ANSI SQL 1992 Standard, pg 191 http://www.contrib.andrew.cmu.edu/~shadow/sql/sql1992.txt
3) Case:
a) If the <select list> "*" is simply contained in a <subquery> that
is immediately contained in an <exists predicate>, then the <select list> is
equivalent to a <value expression>
that is an arbitrary <literal>.
The reason for this misconception is presumably because of the belief that it will end up reading all columns. It is easy to see that this is not the case.
CREATE TABLE T
(
X INT PRIMARY KEY,
Y INT,
Z CHAR(8000)
)
CREATE NONCLUSTERED INDEX NarrowIndex ON T(Y)
IF EXISTS (SELECT * FROM T)
PRINT 'Y'
Gives plan
This shows that SQL Server was able to use the narrowest index available to check the result despite the fact that the index does not include all columns. The index access is under a semi join operator which means that it can stop scanning as soon as the first row is returned.
So it is clear the above belief is wrong.
However Conor Cunningham from the Query Optimiser team explains here that he typically uses SELECT 1 in this case as it can make a minor performance difference in the compilation of the query.
The QP will take and expand all *'s
early in the pipeline and bind them to
objects (in this case, the list of
columns). It will then remove
unneeded columns due to the nature of
the query.
So for a simple EXISTS subquery like
this:
SELECT col1 FROM MyTable WHERE EXISTS (SELECT * FROM Table2 WHERE MyTable.col1=Table2.col2) The * will be
expanded to some potentially big
column list and then it will be
determined that the semantics of the
EXISTS does not require any of those
columns, so basically all of them can
be removed.
"SELECT 1" will avoid having to
examine any unneeded metadata for that
table during query compilation.
However, at runtime the two forms of
the query will be identical and will
have identical runtimes.
I tested four possible ways of expressing this query on an empty table with various numbers of columns. SELECT 1 vs SELECT * vs SELECT Primary_Key vs SELECT Other_Not_Null_Column.
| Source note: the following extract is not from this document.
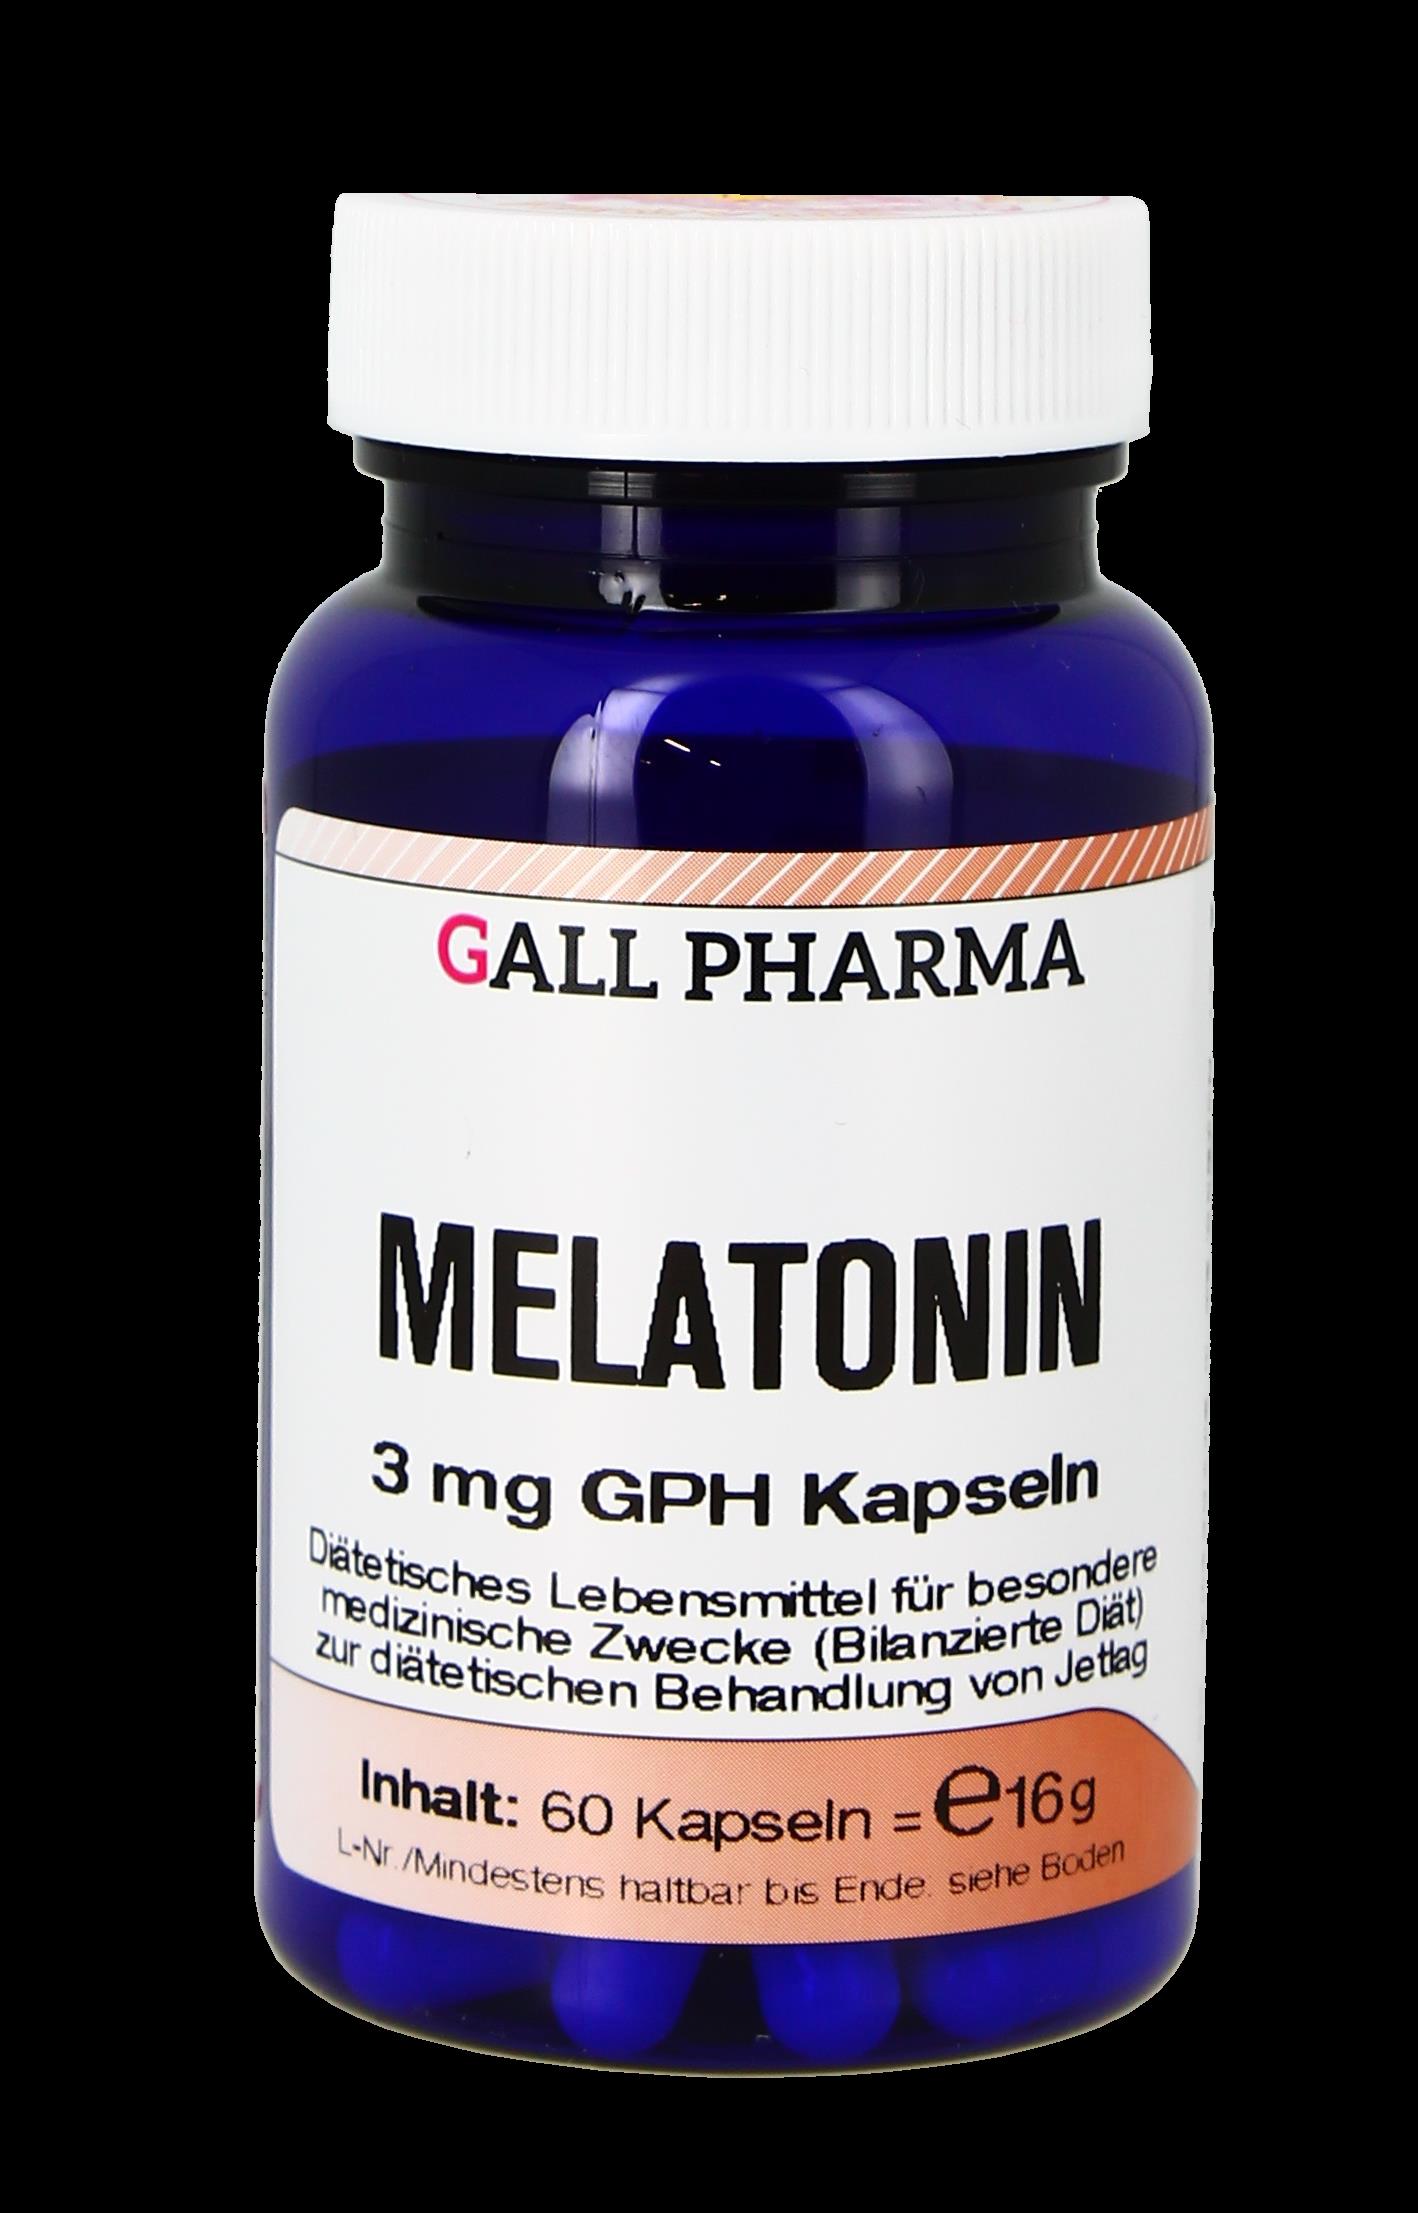 Melatonin 3,0 mg GPH Kapseln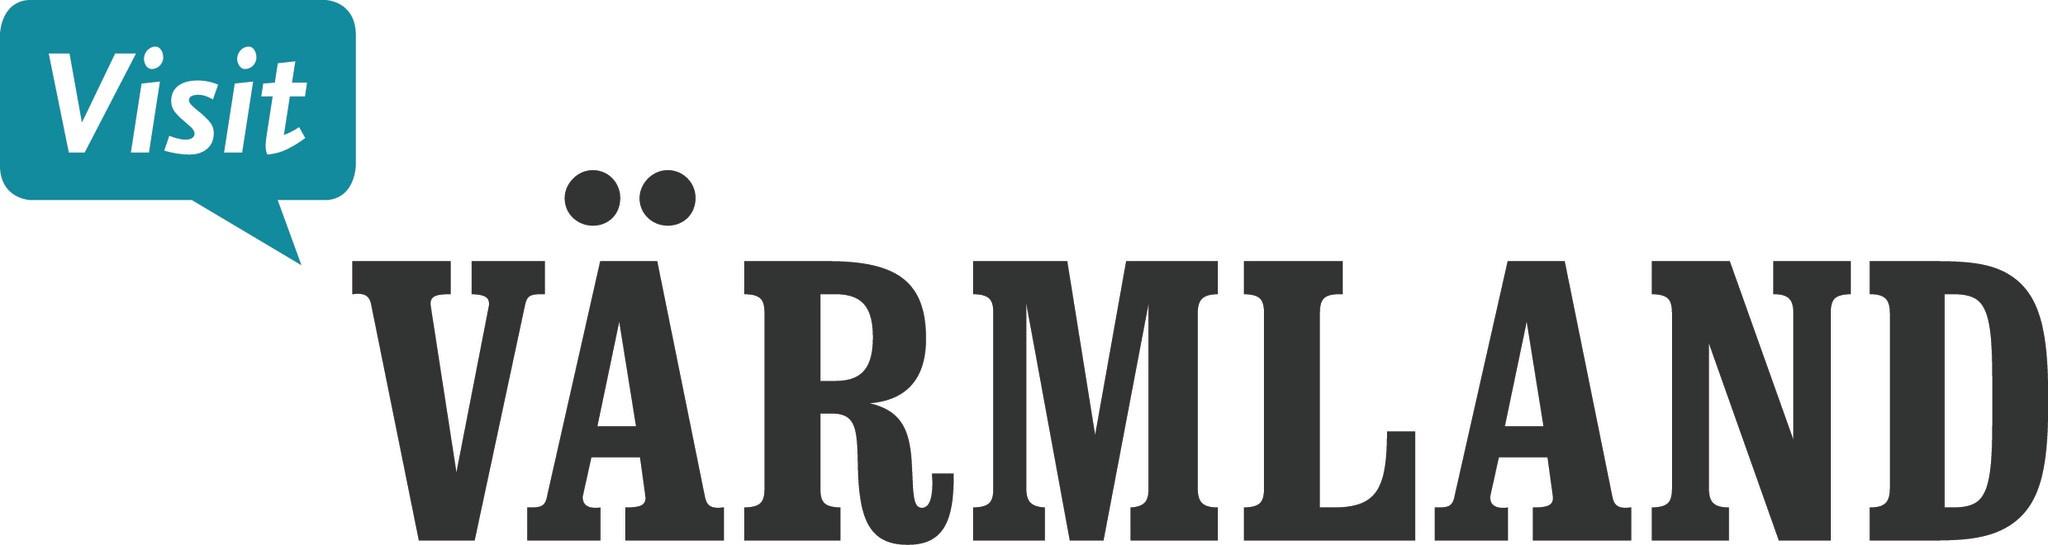 visit-värmland-logo-w

I ran the queries in a loop using OPTION (RECOMPILE) and measured the average number of executions per second. Results below
+-------------+----------+---------+---------+--------------+
| Num of Cols | * | 1 | PK | Not Null col |
+-------------+----------+---------+---------+--------------+
| 2 | 2043.5 | 2043.25 | 2073.5 | 2067.5 |
| 4 | 2038.75 | 2041.25 | 2067.5 | 2067.5 |
| 8 | 2015.75 | 2017 | 2059.75 | 2059 |
| 16 | 2005.75 | 2005.25 | 2025.25 | 2035.75 |
| 32 | 1963.25 | 1967.25 | 2001.25 | 1992.75 |
| 64 | 1903 | 1904 | 1936.25 | 1939.75 |
| 128 | 1778.75 | 1779.75 | 1799 | 1806.75 |
| 256 | 1530.75 | 1526.5 | 1542.75 | 1541.25 |
| 512 | 1195 | 1189.75 | 1203.75 | 1198.5 |
| 1024 | 694.75 | 697 | 699 | 699.25 |
+-------------+----------+---------+---------+--------------+
| Total | 17169.25 | 17171 | 17408 | 17408 |
+-------------+----------+---------+---------+--------------+
As can be seen there is no consistent winner between SELECT 1 and SELECT * and the difference between the two approaches is negligible. The SELECT Not Null col and SELECT PK do appear slightly faster though.
All four of the queries degrade in performance as the number of columns in the table increases.
As the table is empty this relationship does seem only explicable by the amount of column metadata. For COUNT(1) it is easy to see that this gets rewritten to COUNT(*) at some point in the process from the below.
SET SHOWPLAN_TEXT ON;
GO
SELECT COUNT(1)
FROM master..spt_values
Which gives the following plan
|--Compute Scalar(DEFINE:([Expr1003]=CONVERT_IMPLICIT(int,[Expr1004],0)))
|--Stream Aggregate(DEFINE:([Expr1004]=Count(*)))
|--Index Scan(OBJECT:([master].[dbo].[spt_values].[ix2_spt_values_nu_nc]))
Attaching a debugger to the SQL Server process and randomly breaking whilst executing the below
DECLARE #V int
WHILE (1=1)
SELECT #V=1 WHERE EXISTS (SELECT 1 FROM ##T) OPTION(RECOMPILE)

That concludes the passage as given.